Why the Japanese Are a Superior People!

Why the Japanese Are a Superior People!
Author: Boye Lafayette De Mente
Publisher: Cultural-Insight Books
Total Pages: 161
Release: 2009-07-08
Genre: Business & Economics
ISBN: 0914778838

Boy Lafayette De Mente-author of more than 50 books on the business practices, cultures and languages of China, Japan, Korea and Mexico-identifies and describes the cultural elements that made the Japanese an extraordinary people-elements based on the fact that the Japanese are right-brain oriented but are able to use both sides of their brain...with remarkable results that are responsible for their economic prowess, their aesthetic prowess, and the seductive nature of their culture. He pinpoints the areas where the Japanese have conspicuous advantages over Americans and other left-brain oriented people. A Must Read for anyone interested in understanding the character and mindset of the Japanese for whatever purpose.
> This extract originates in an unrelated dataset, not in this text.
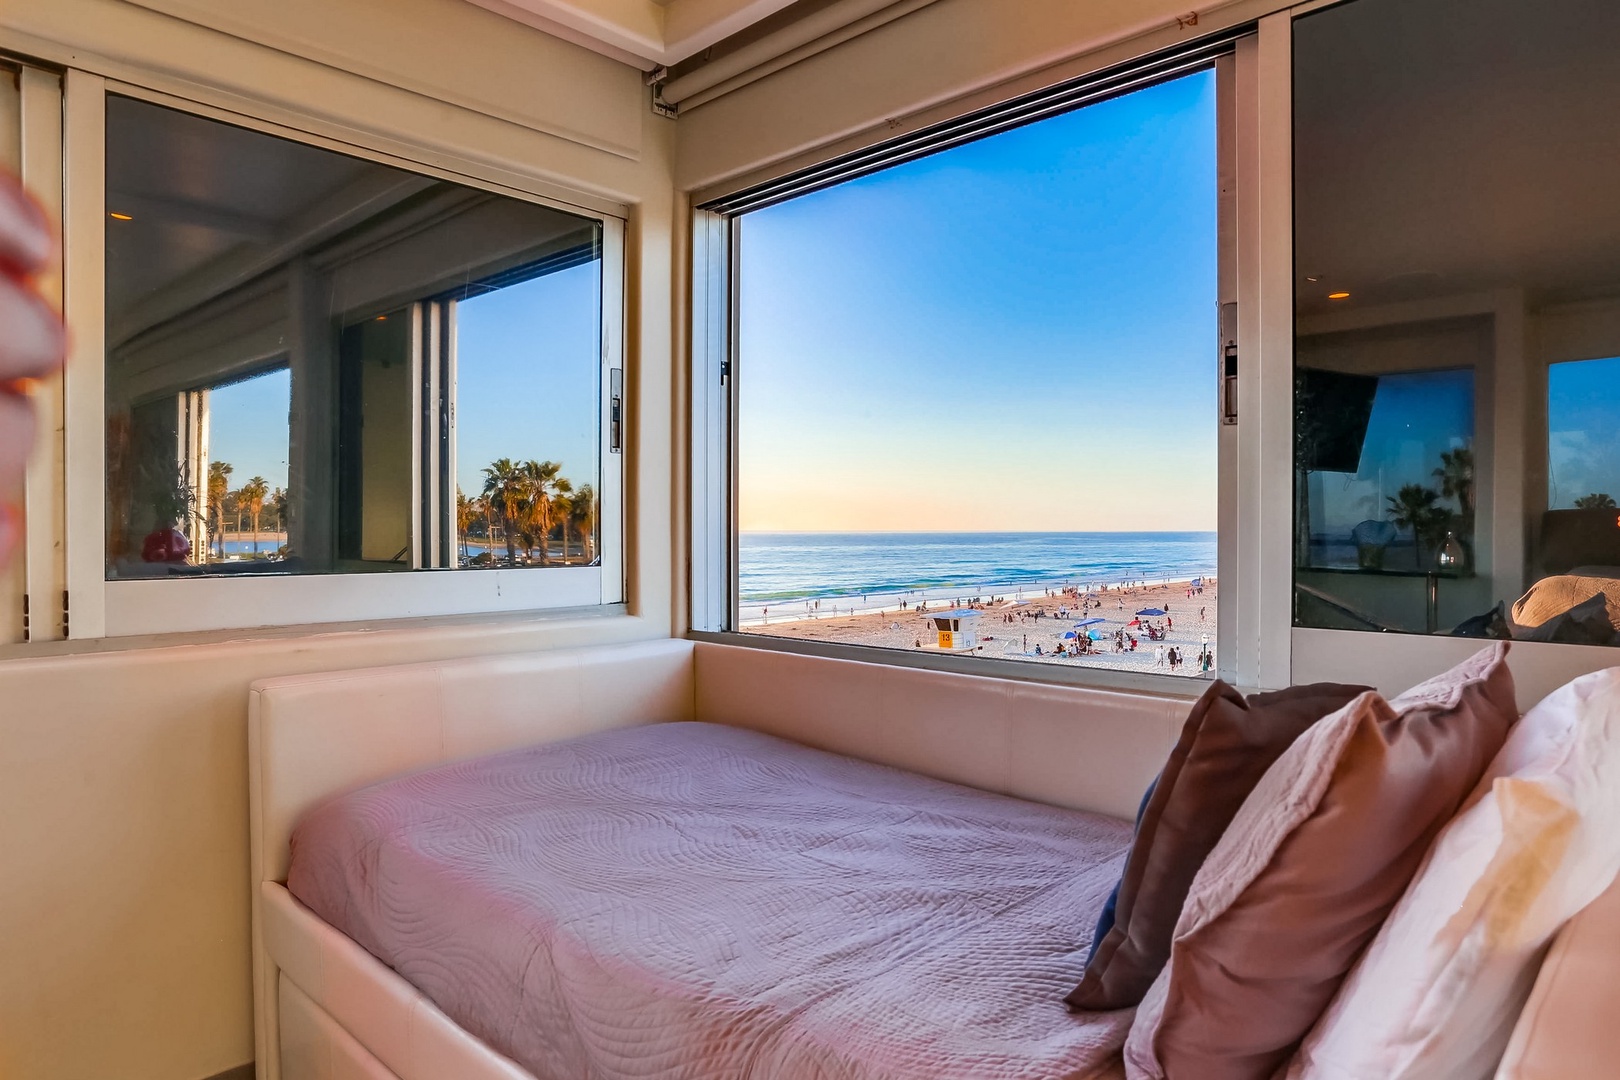 Ocean view bedroom

Why the Japanese Are a Superior People!

Why the Japanese Are a Superior People!
Author: Boye Lafayette De Mente
Publisher: Cultural-Insight Books
Total Pages: 127
Release: 2009-07
Genre: Business & Economics
ISBN: 0914778552

Boye Lafayette De Mente-author of more than 50 books on the business practices, cultures and languages of China, Japan, Korea and Mexico-identifies and describes the cultural elements that made the Japanese an extraordinary people-elements based on the fact that the Japanese are right-brain oriented but are able to use both sides of their brain...with remarkable results that are responsible for their economic prowess, their aesthetic prowess, and the seductive nature of their culture. He pinpoints the areas where the Japanese have conspicuous advantages over Americans and other left-brain oriented people. A Must Read for anyone interested in understanding the character and mindset of the Japanese for whatever purpose."

War without Mercy

War without Mercy
Author: John Dower
Publisher: Pantheon
Total Pages: 411
Release: 2012-03-28
Genre: History
ISBN: 0307816141

WINNER OF THE NATIONAL BOOK CRITICS CIRCLE AWARD • AN AMERICAN BOOK AWARD FINALIST • A monumental history that has been hailed by The New York Times as “one of the most original and important books to be written about the war between Japan and the United States.” In this monumental history, Professor John Dower reveals a hidden, explosive dimension of the Pacific War—race—while writing what John Toland has called “a landmark book ... a powerful, moving, and evenhanded history that is sorely needed in both America and Japan.” Drawing on American and Japanese songs, slogans, cartoons, propaganda films, secret reports, and a wealth of other documents of the time, Dower opens up a whole new way of looking at that bitter struggle of four and a half decades ago and its ramifications in our lives today. As Edwin O. Reischauer, former ambassador to Japan, has pointed out, this book offers “a lesson that the postwar generations need most ... with eloquence, crushing detail, and power.”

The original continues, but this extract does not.